僕の考える「イシュー度」とは「自分のおかれた局面でこの問題に答えを出す必要性の高さ」、そして「解の質」とは「そのイシューに対してどこまで明確に答えを出せているかの度合い」となる。
この定義にしたがって考えると、
犬の道を歩んでいる人というのは、その問題を解くべきかどうか?ということは考えず闇雲に作業する人。そしてその作業で貢献するために残業などを通して解の質を高めようとする人。
ということになります。
しかしこの方法だとかなりの労力を要するため尋常じゃない体力と根性が必要になります。
また、犬の道で成果を出そうとしてきた人はイシューの見極め力をあげようとした経験がないため、リーダーとしては不向きな人材になるとも安宅氏は述べています。
つまり犬の道を進むとはつまり、優れたリーダーとして成長する機会を自分で閉ざす行為だということです。
なんとなくイメージできますよね。
お前は根性が足りないからだ!と感情論でしか詰めてこない頭のかたい上司いますよね?あれです。(汗)
イシュー度の見極めをしないということは、手当り次第いくつもの仕事を進めなくてはならないため、一つ一つの解の質を担保することは事実上ほぼ不可能になってきます。
そうすると結果的に信用を失ったりするため、犬の道はどう考えてもコスパが悪い選択肢なのです。
100ある問いの中で本当に解くべき問すなわちイシューはせいぜい2~3個だと安宅氏は述べています。
2~3個なら解の質も高めつつ実行できそうですよね。
以上を踏まえると、成果を出せる人材になるためには犬の道とは逆回転の青い矢印で示した道をたどることが必須となってきます。
まずは良いイシューの特定から
でもイシューの見極めってどうやってやるの?
次にこの問題にぶつかります。
見極めって基準がないとできないですよね。
大根農家の人がスーパーに出荷するまでに大根を選別するときにも基準があるはずです。
たとえば、
- 一定の重さ以上である
- 形が曲がっていない
- 虫食いの被害に遭っていない
- 変色していない
などです。
本書の良いところは、しっかりイシューを見極める際のこういった「基準」が説明されている点です。
良いイシューの条件
- 本質的な選択肢である
- 深い仮説がある
- 答えを出せる
自分が今まさに解こうとしている問題が上記3条件に当てはまるのかはしっかり考えないといけません。
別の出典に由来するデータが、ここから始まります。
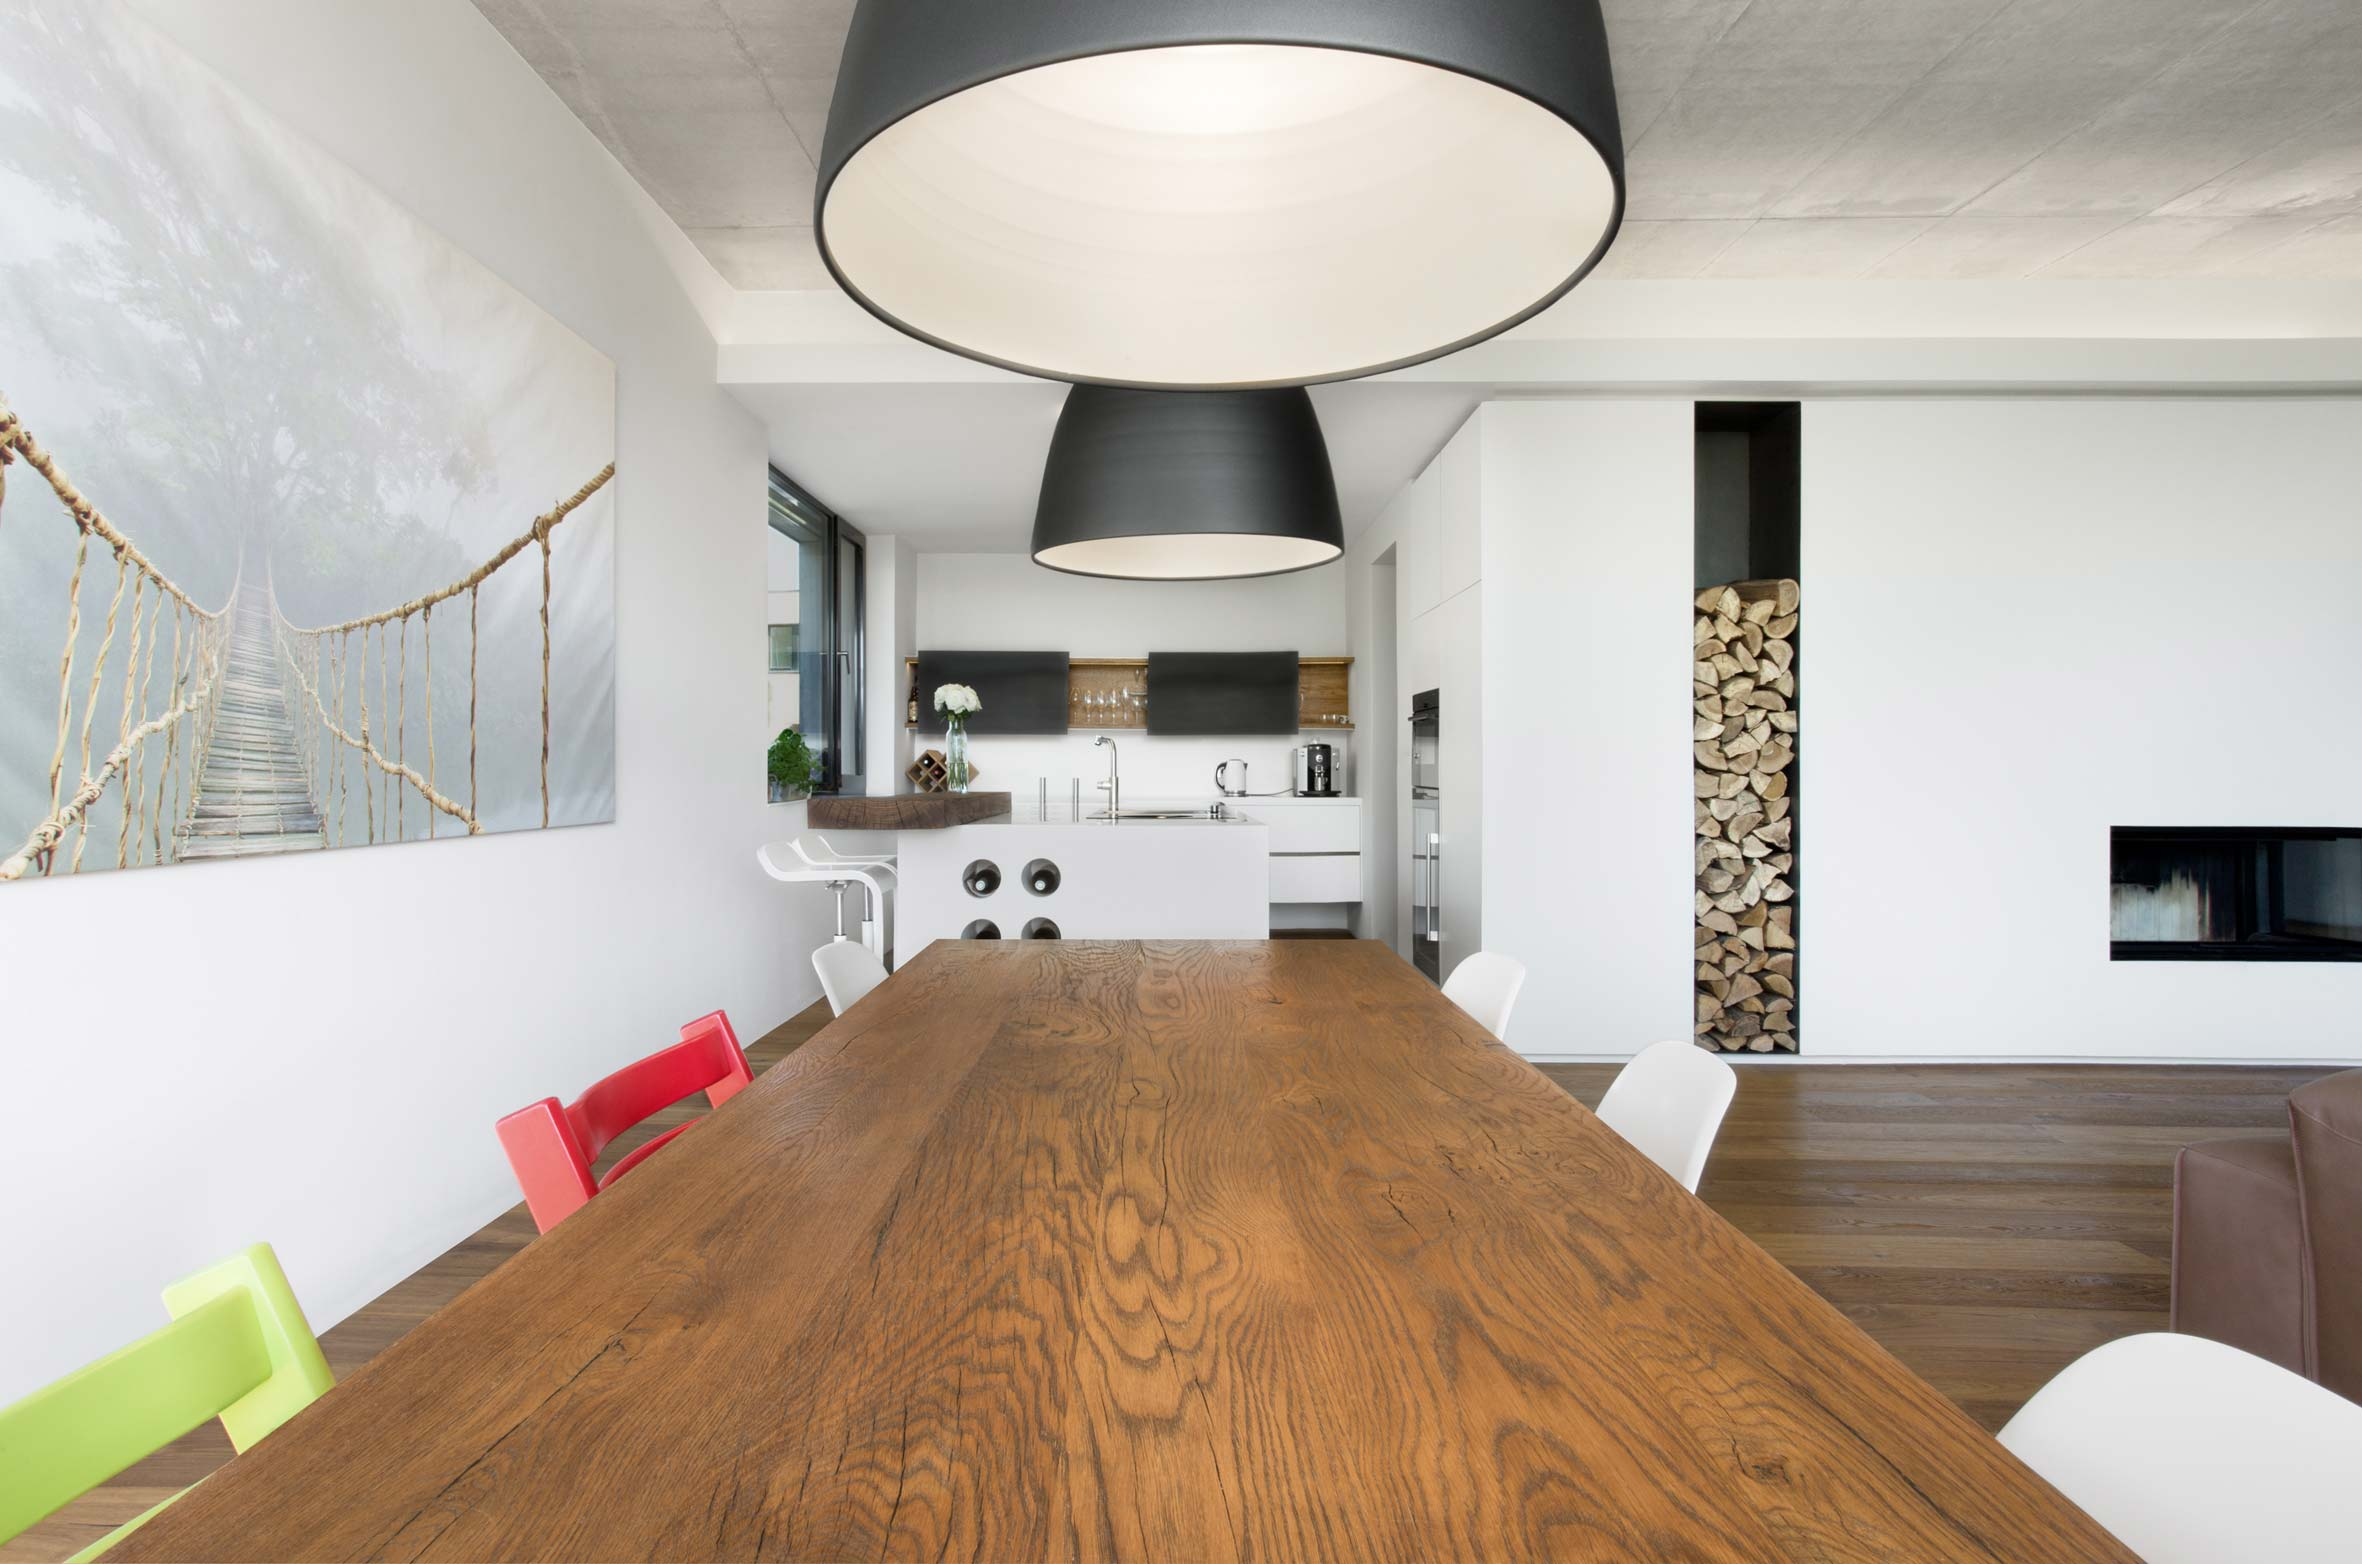 plan 3 kuchyně / Vše od luxusní kuchyně po nábytek do celého interiéru / Architektura v detailu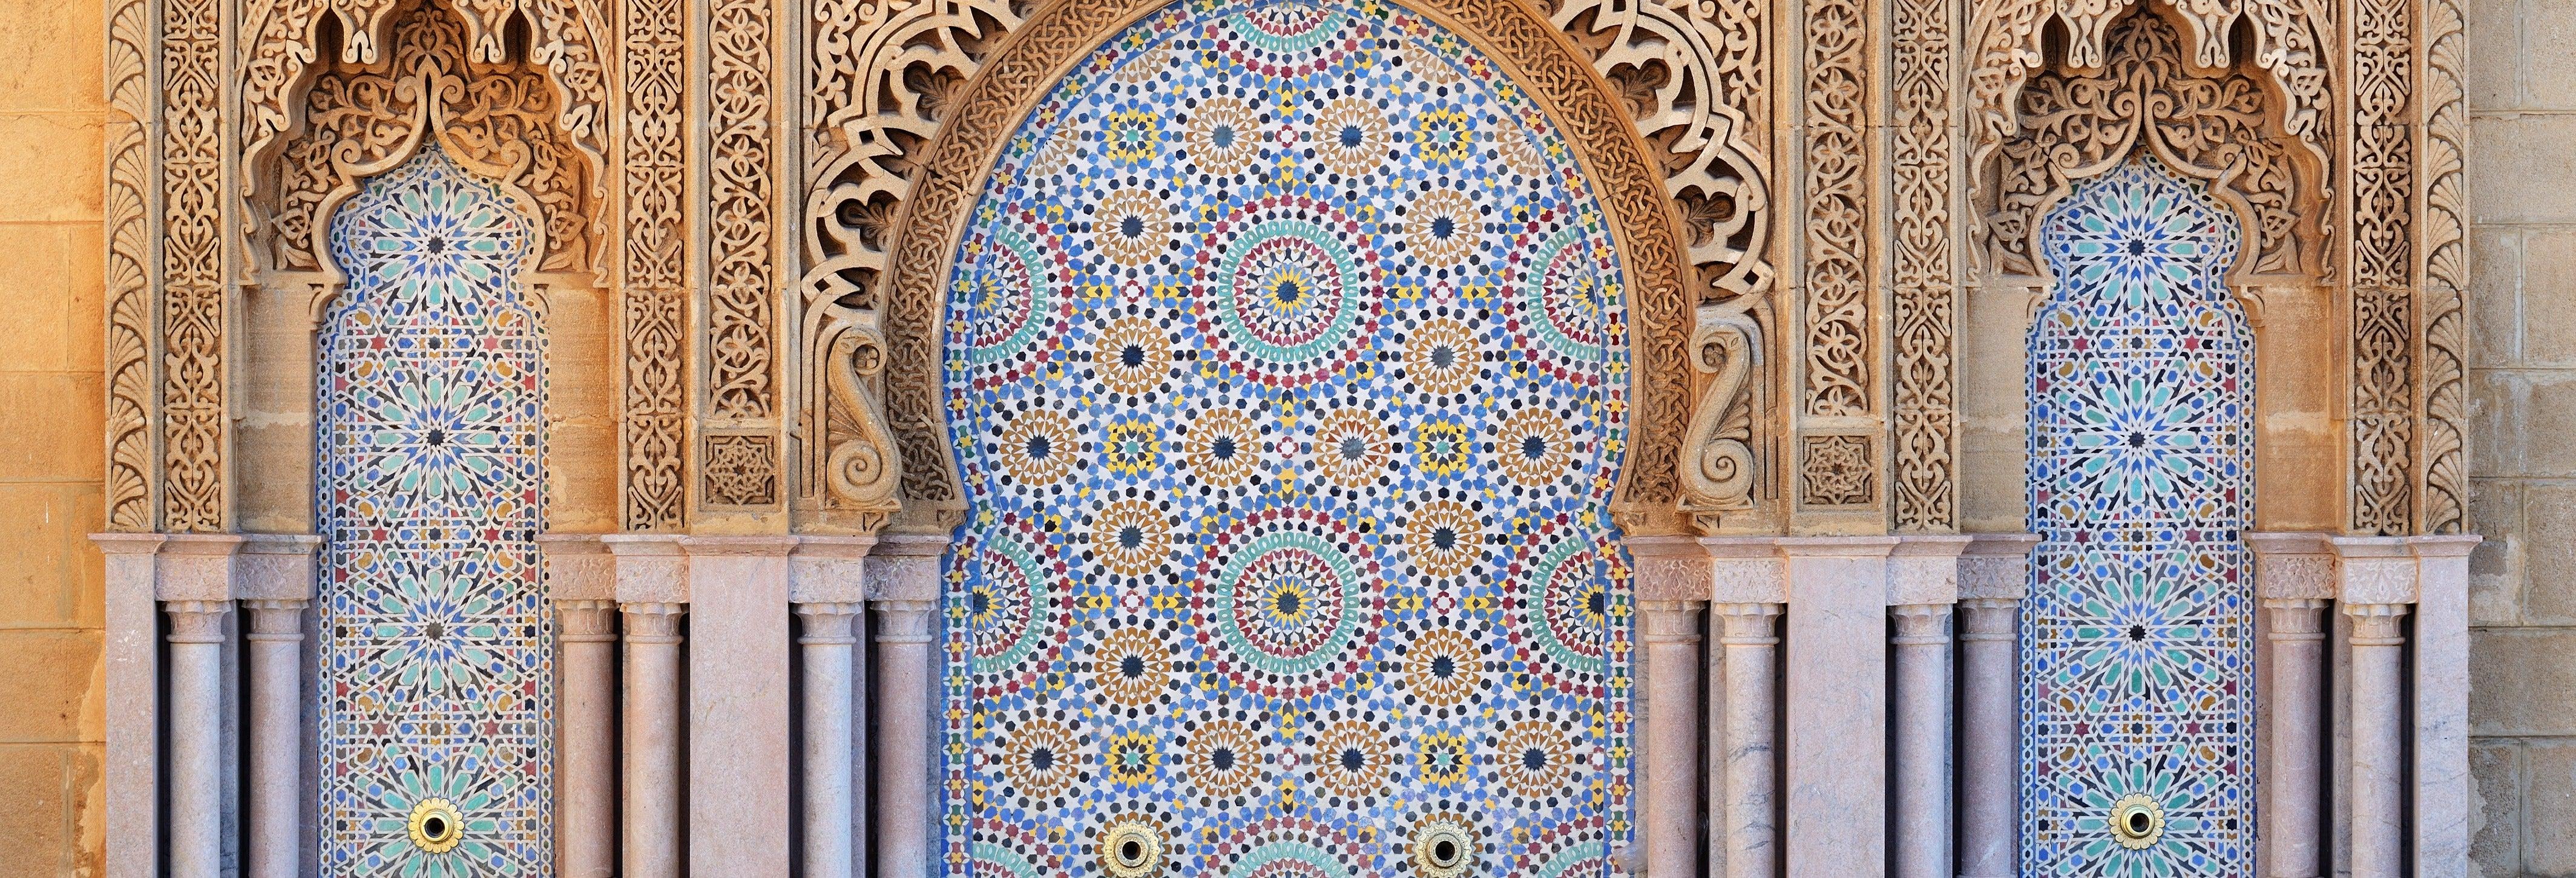 Casablanca and Rabat Tour

ちょっと抽象的な表現なので噛み砕いて解説していきます。
「本質的な選択肢かどうか?」ということはすなわち、
「もし解けたらすごい成果に繋がるか? もしくは今後の動きを大きく変える可能性を秘めていますか?」ということです。
解いても全然小さい成果にしかならなかったり、解こうが解くまいが今後の動きにさほど影響を与えないような問題っていうのは重要じゃないということです。
では、「深い仮説があるとはどういうことか?」というと、
常識とは違うけどやってみたら新しい結果を得られるかもしれないということです。
良いイシューを見つけるためには常識を疑うのがコツです。
これが至極当然なことで、誰でも考えることだよね、常識だよっていう問題に価値はないですよね。
答えを出せるかどうかはそのままです。
考えても現在の科学では解法がなかったり、哲学的な内容というのはビジネス上では適切なイシューにはならないということですね。
イシューが特定できない時にやるべきこと
う〜ん、なんとなくわかったけどまだ難しい。
そんなに頭良くないし、「これさえやればOK!」
みたいな方法ってないの?
目の前に仕事は山程ある、そして良いイシューの条件も明確。
なのに全然良いイシューが見つからないということもあります。
そのような場合、まだ自身の思考だけでは問題が大きすぎたり曖昧だったりしていてもうひと工夫が必要になってきます。
そこで良いイシュー特定に苦戦した時に行う5つのことが本書では紹介されています。
イシュー特定のための5つのアプローチ
- 変数を削る
- 視覚化する
- 最終形からたどる
- So What?を繰り返す
- 極端な事例を考える
変数を削るというのは、よりわかりやすく、具体的に、簡単にして深堀りしてみようということです。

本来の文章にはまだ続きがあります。